Le Jésuite Le Grand, membre du Conseil colonial, est le premier à réagir. Dans un article qu’il publie en 1921, il montre que le débat sur la politique indigène est un faux problème ; de toute façon, les normes coutumières sont en sursis et doivent tôt ou tard disparaître lorsque les Noirs comprendront « l’inanité de leurs superstitions et l’impuissance de leurs idoles. » 3 .

En septembre-octobre 1923, les Supérieurs Ecclésiastiques des Missions Catholiques du Congo Belge se réunissent à Saint Gabriel, près de Stanleyville. Stanislas De Vos, Préfet Apostolique du Kwango et secrétaire du comité, rédige le rapport sur la « politique indigène » à soumettre au ministre des colonies. Ce texte intitulé « La politique Indigène et les Missions Catholiques » 1 affirme l’opposition catégorique des missionnaires à la « nouvelle politique » parce qu’elle porte préjudice à plusieurs de leurs œuvres : « Il y a près de deux ans, ils (les Supérieurs des Missions) ont été douloureusement surpris par l’application brusque d’une politique nouvelle qui, sous le couvert du respect de la coutume et des droits des collectivités indigènes, a causé de graves dommages à plusieurs de leurs œuvres. Notamment dans l’Équateur, elle a fait détruire brutalement six chapelles catholiques et vingt hameaux chrétiens ; elle a fait maltraiter et emprisonner un grand nombre de catéchistes et de chrétiens, hommes et femmes ; elle a dispersé des groupements chrétiens qui justifiaient d’une autorisation de l’Administration ; enfin, elle a détruit en quelques mois l’œuvre de longues années d’efforts » 2 .

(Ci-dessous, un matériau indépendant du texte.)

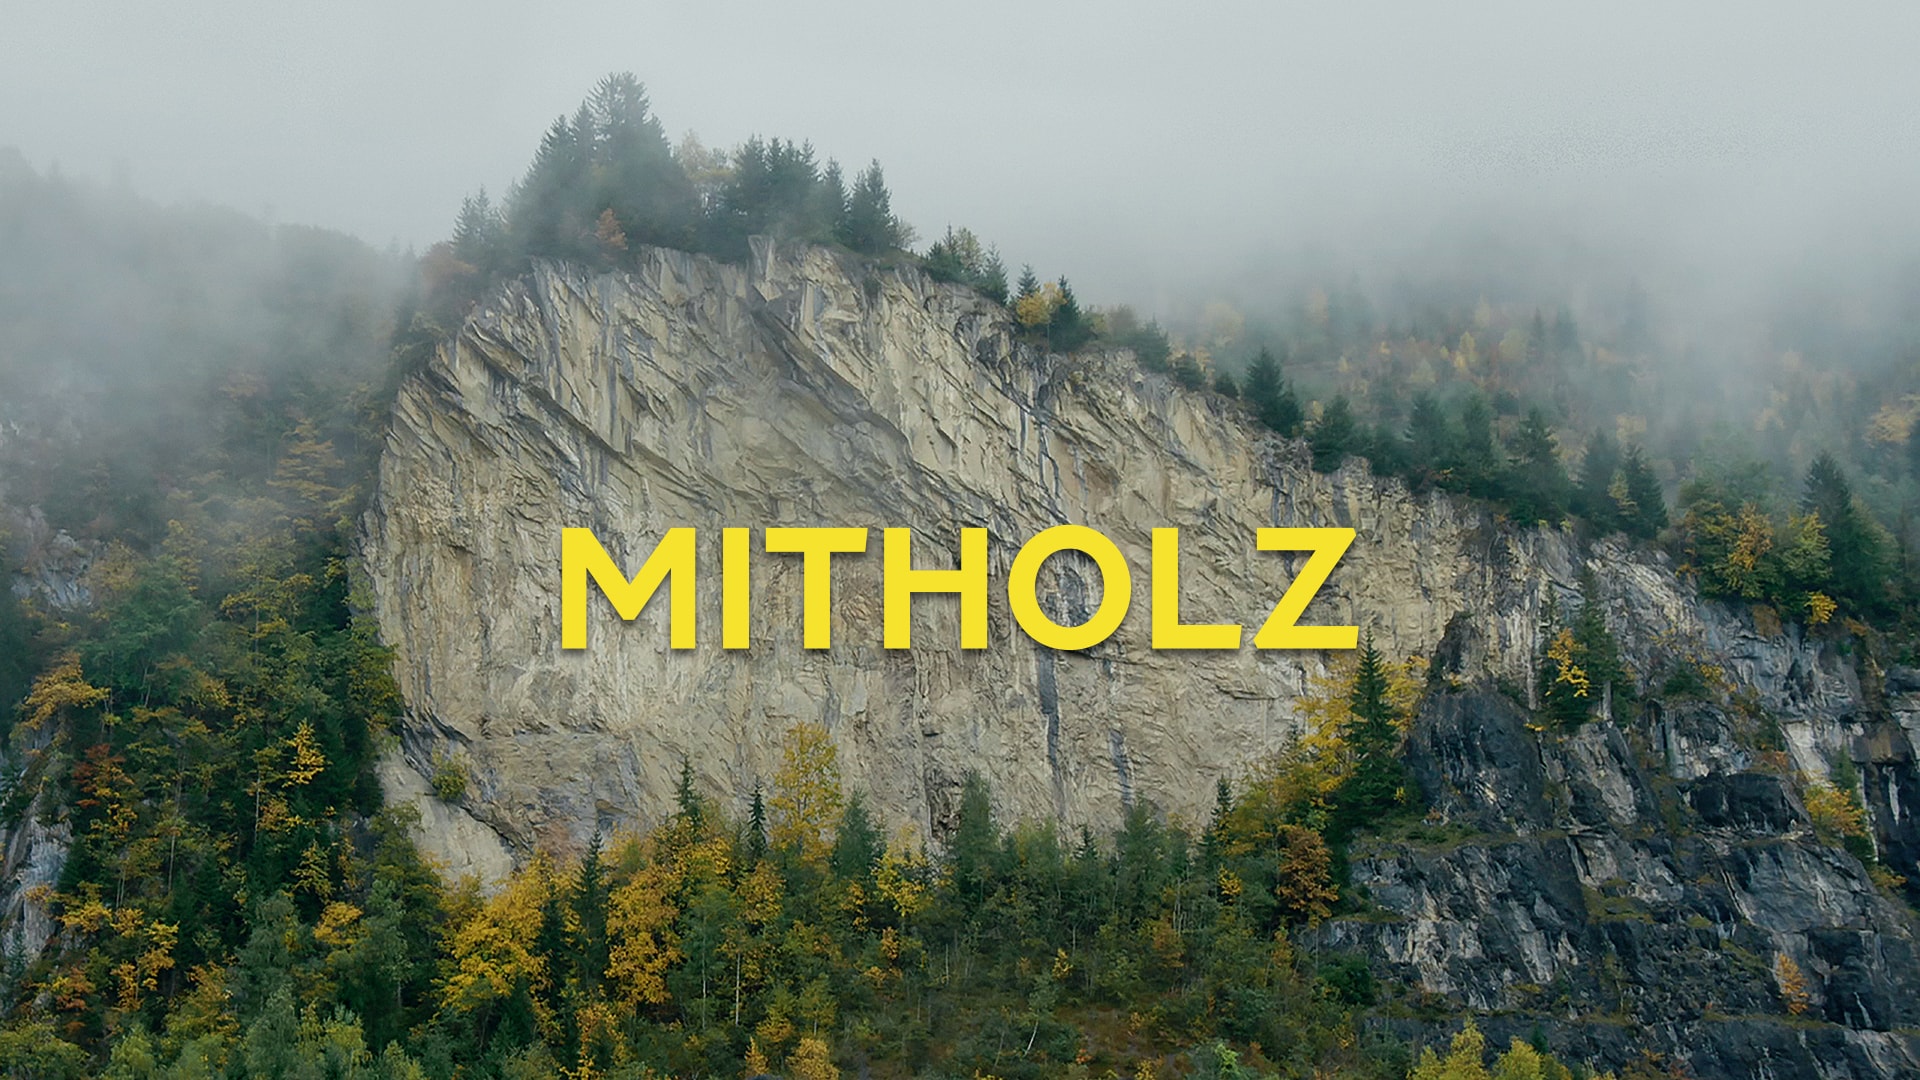 Mitholz - L'eredità esplosiva dell'esercito
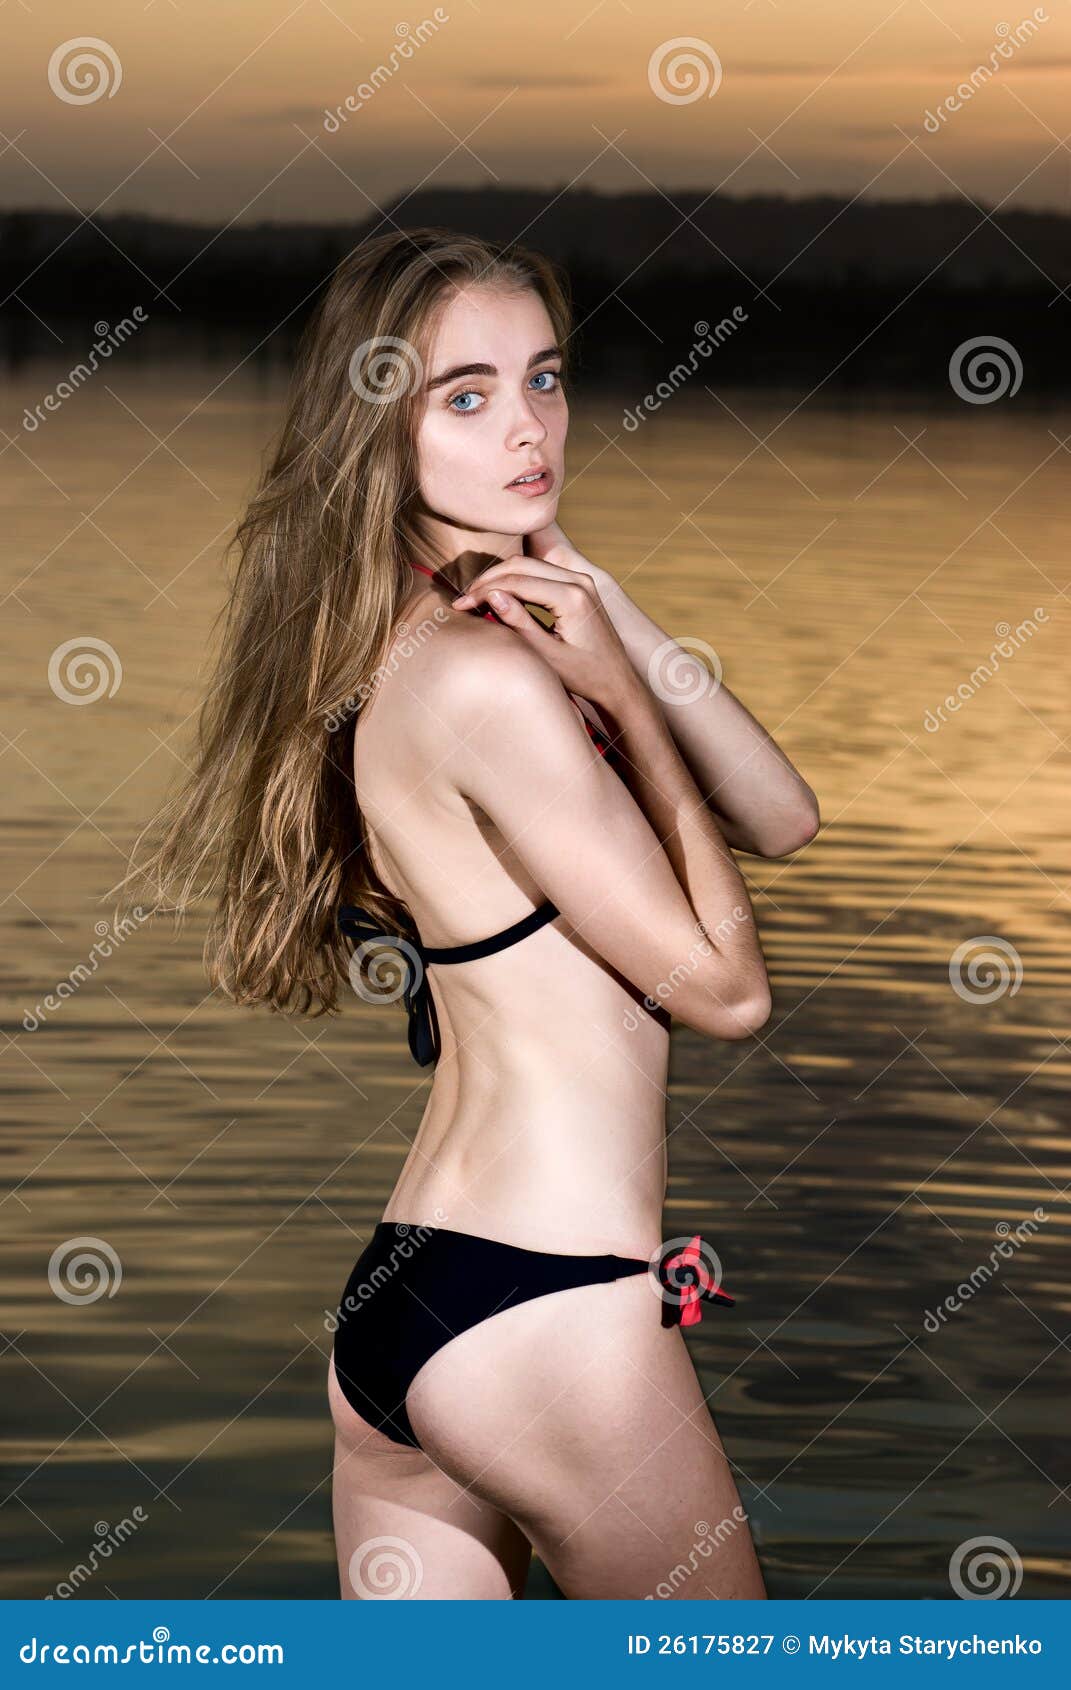 devon naidoo share hot chicks in bikini pics photos

Le rapport de De Vos indique que les défenseurs de la « politique du gouvernement indirect » et du « retour des chefs traditionnels sur la place publique » sont des théoriciens qui ignorent ce qu’est, en réalité, un chef traditionnel. Pour les missionnaires qui le fréquentent tous les jours et qui peuvent prétendre le connaître, ce personnage est :

1° foncièrement égoïste : « Comme successeur de l’ancêtre primitif, il s’identifie en quelque façon avec son groupe, mais en aucune façon avec les intérêts des individus qui composent le groupe. Les individus sont donc des moyens, lui chef, est la fin. Tout individu qui s’élève soit par la richesse, soit par le talent, est de ce fait ennemi ; le chef l’abat ou le fait disparaître par l’épreuve du poison » 3 .

2° nécessairement, de par la coutume, ennemi de l’État : « Car le groupe auquel il s’identifie est un tout fermé et irréductible, s’opposant à tout autre groupe qu’il ne peut soumettre. Tout étranger est ennemi ; et celui qui est le plus étranger au Noir, c’est le Blanc. Et le groupe étranger le plus opposé aux groupes noirs, c’est le groupe blanc. Contre l’étranger tout est permis ; il n’y a aucun devoir, aucune loi à observer. Le mensonge, le vol, le meurtre commis à l’égard ou sur la personne des ennemis n’est pas puni par les ancêtres, n’est pas réprouvé par la conscience collective. S’il n’y a pas plus de révoltes, il faut l’attribuer en premier lieu à la crainte qu’inspire l’État, mais également au fait que, dans les groupements indigènes, il y a partout des chrétiens dont on se méfie et qui pourraient rapporter la chose aux Blancs. Sans leur présence, des révoltes locales seraient à l’ordre du jour, car elles sont entièrement dans le plan de la coutume ». 1

Les défenseurs de la politique indigène ignorent aussi ce qu’est la coutume : « La coutume vraie, celle que vivent les Noirs, celle qui doit, selon les théoriciens, gouverner les Noirs d’après leurs idiosyncrasies séculaires, la coutume est essentiellement la vie même, telle que les ancêtres l’ont léguée, et que le groupe vit en symbiose avec le milieu naturel, avec ses lois séculaires, qui la maintiennent dans le courant invariable, avec les organes physiques et ses forces magiques qui la défendent contre l’ennemi du dedans et du dehors» 2 .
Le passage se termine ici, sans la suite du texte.